March 28, 2021

2250 words 11 mins read

Automatically installing Shiny and RStudio server on Amazon Web Services with Ansible

Automatically installing Shiny and RStudio server on Amazon Web Services with Ansible

After writing a very similar post about installing Shiny and RStudio server on a Raspberry Pi using automation with Ansible, I realized that the same approach can be easily ported to work with cloud computing services as well, so, basically, this is going to be the Amazon Web Services (AWS from now on) version of that post.

✏️ Have in mind that this is a beginner-oriented project, it is not meant as a production tool, so if you are already familiar with Ansible you might want to simply download some roles from Ansible Galaxy and integrate them into your workflow instead of following this article.

In case you haven’t read the aforementioned post, I’m going to tell you what this is about. The installation and configuration process of an R-based data science server on AWS can be automated using a tool called Ansible, those in DevOps must be familiar with the power of Ansible but even if you’ve never heard of it, don’t worry, you don’t need to know Ansible in order to take advantage of its automation capabilities, I’m not an Ansible expert myself and I’ve been capable of accomplishing this project with just basic knowledge of the tool, so if I can do it, so can you. I’m going to guide you through the process assuming you have no prior experience with this tool and just some basic Linux terminal skills.

Ansible is an open-source software provisioning, configuration management, and application-deployment tool enabling infrastructure as code. It runs on many Unix-like systems, and can configure both Unix-like systems as well as Microsoft Windows. In layman’s terms, it lets you automate tasks in your infrastructure (One, or many EC2 instances at once, in our case) by defining a set of steps to execute, in YAML files called “playbooks”.

I have wrote some Ansible playbooks to automate most of the installation process but leaving some room for you to configure the installation to your liking without having to modify the playbooks (which will require you to know how to edit them) via a config file. Although, if you want to have a basic understanding of how this tool works, there is a nice Ansible 101 series on Jeff Geerling’s YouTube channel.

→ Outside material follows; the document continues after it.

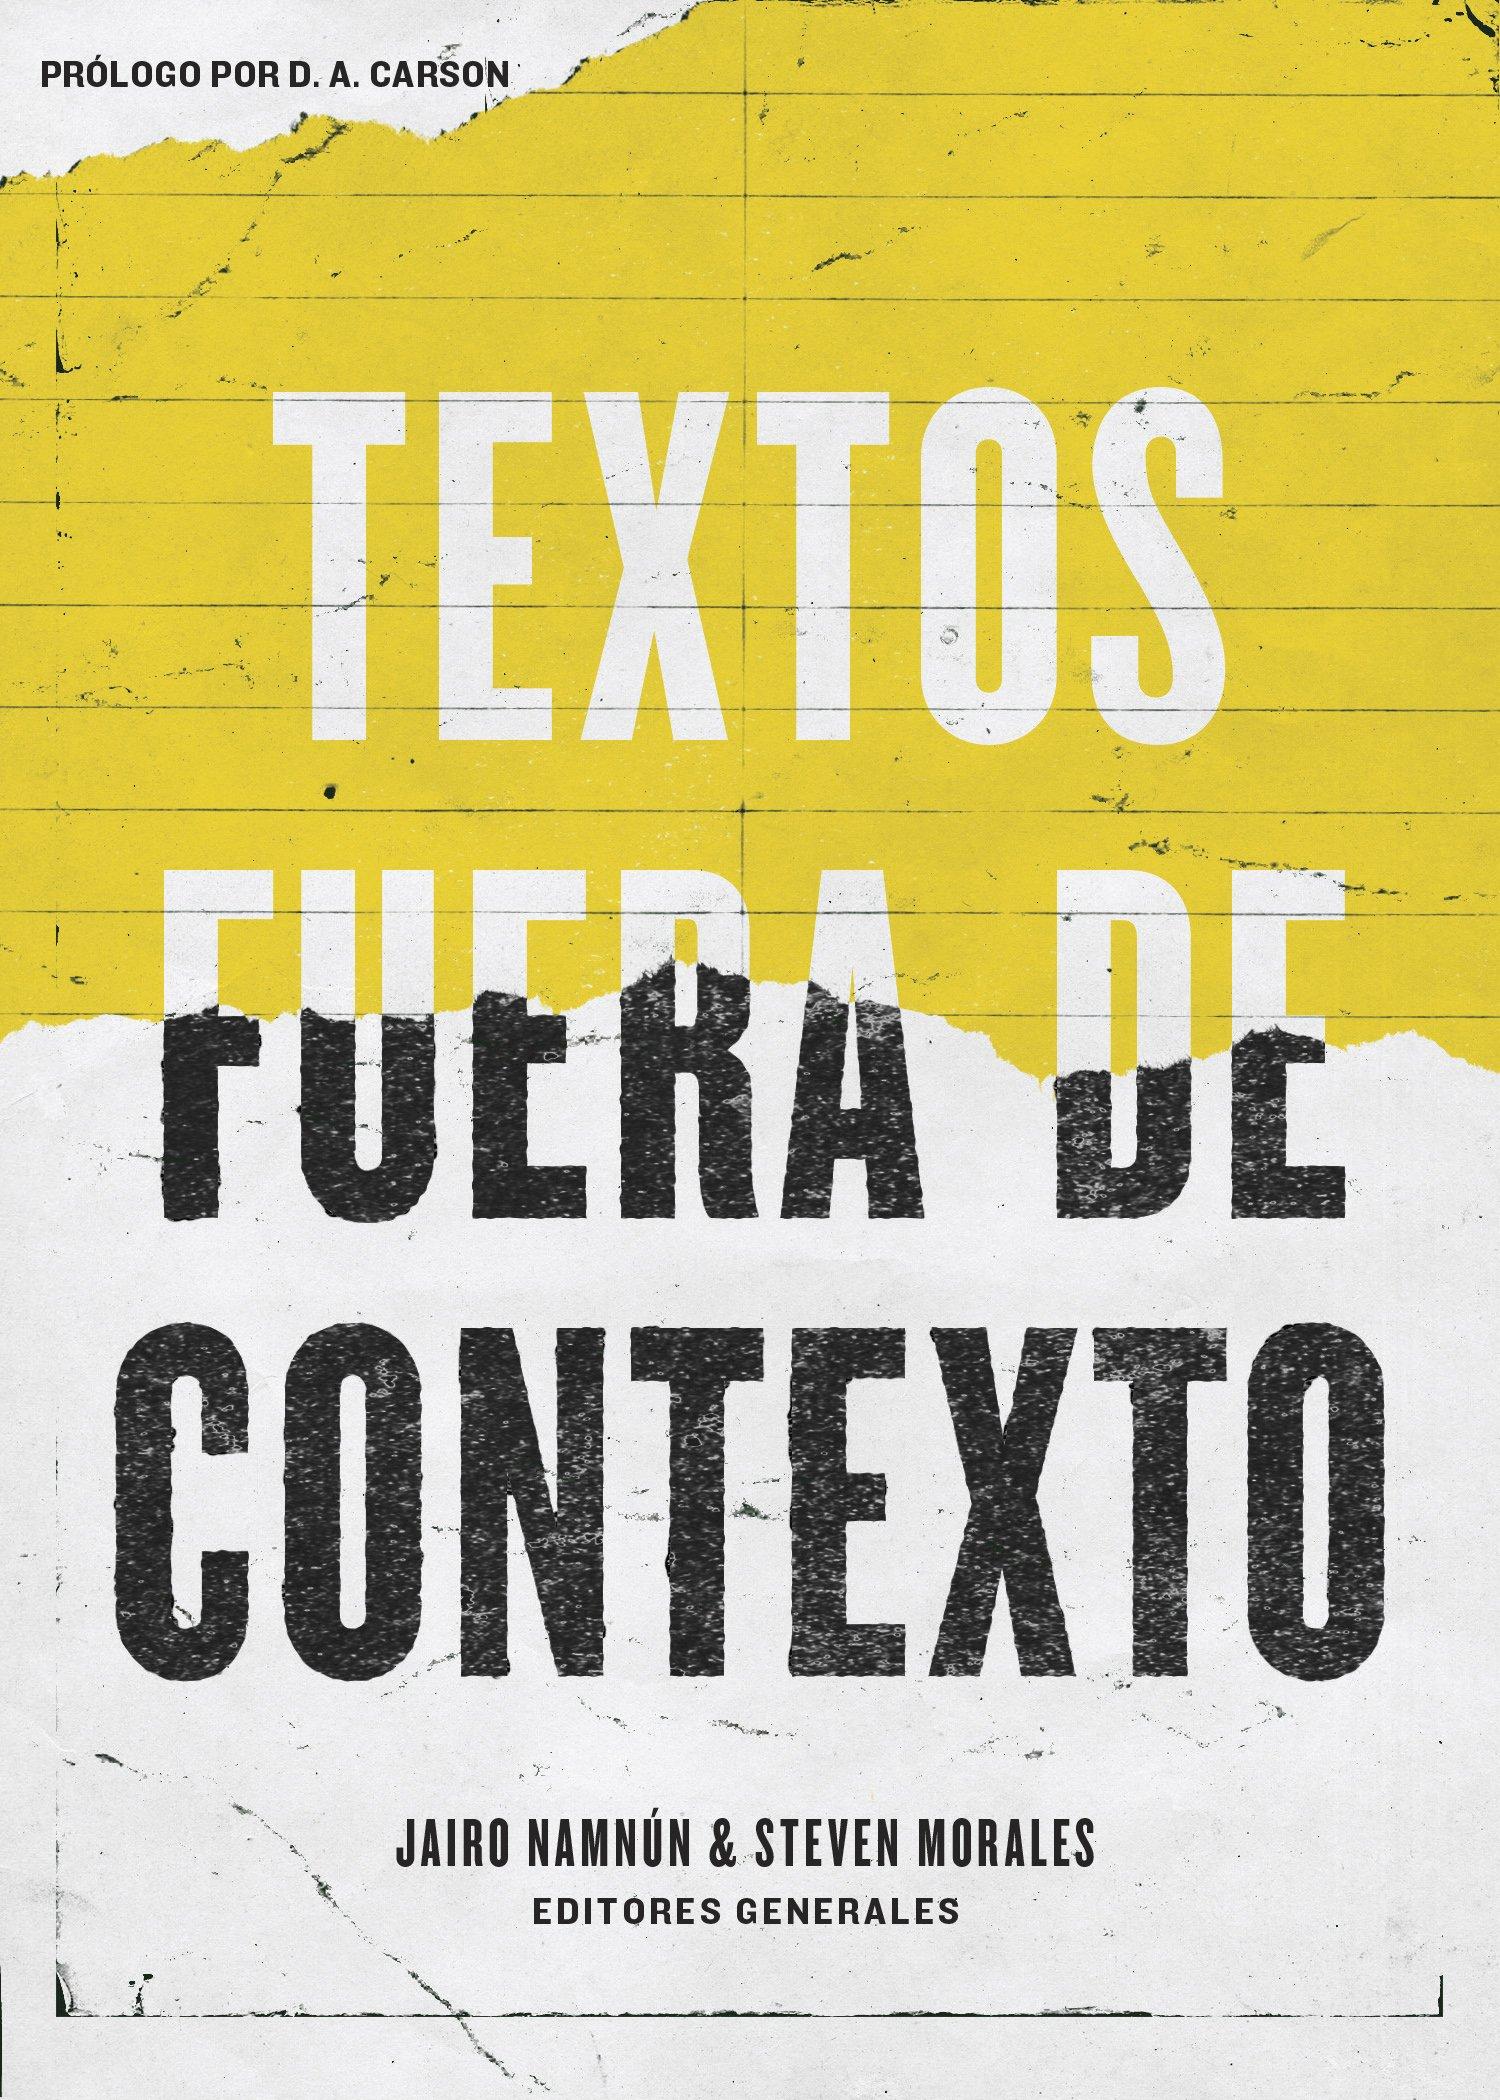 Textos Fuera de Contexto: Amazon.es: Coalicion Por El Evangelio, Jairo E. Namnun, Steven Morales: Libros

In case you are not familiar with AWS, it is a cloud services provider that among many other things, it provides access to virtual servers hosted on the cloud, so you don’t have to take care of a physical infrastructure yourself, also, to follow along with this article, there are some AWS specific terms that we need to define in simple terms:

  • EC2 Instance: It refers to an individual instance of a virtual server.
  • Amazon Machine Images (AMI): It provides the information required to launch an instance, like the Operating System, pre-installed libraries and configurations required for a server to work. Note that you can make your own AMIs.
  • Regions: Amazon EC2 is hosted in multiple locations world-wide. These locations are composed of Regions, and each Region is a separate geographic area.
  • Security Group: A security group acts as a virtual firewall for your instance to control inbound and outbound traffic.

Create an AWS Account and Security Credentials

In order to use AWS services you need to have an account, if you already have one, you can skip this part, if not, to create one go to https://aws.amazon.com/ and click on “Create an AWS Account”, fill in the required information and keep pressing “Continue”, you are going to be asked to provide your credit card information, but you are not going to be charged for using the products comprised on the “Free Tier” at least for a year.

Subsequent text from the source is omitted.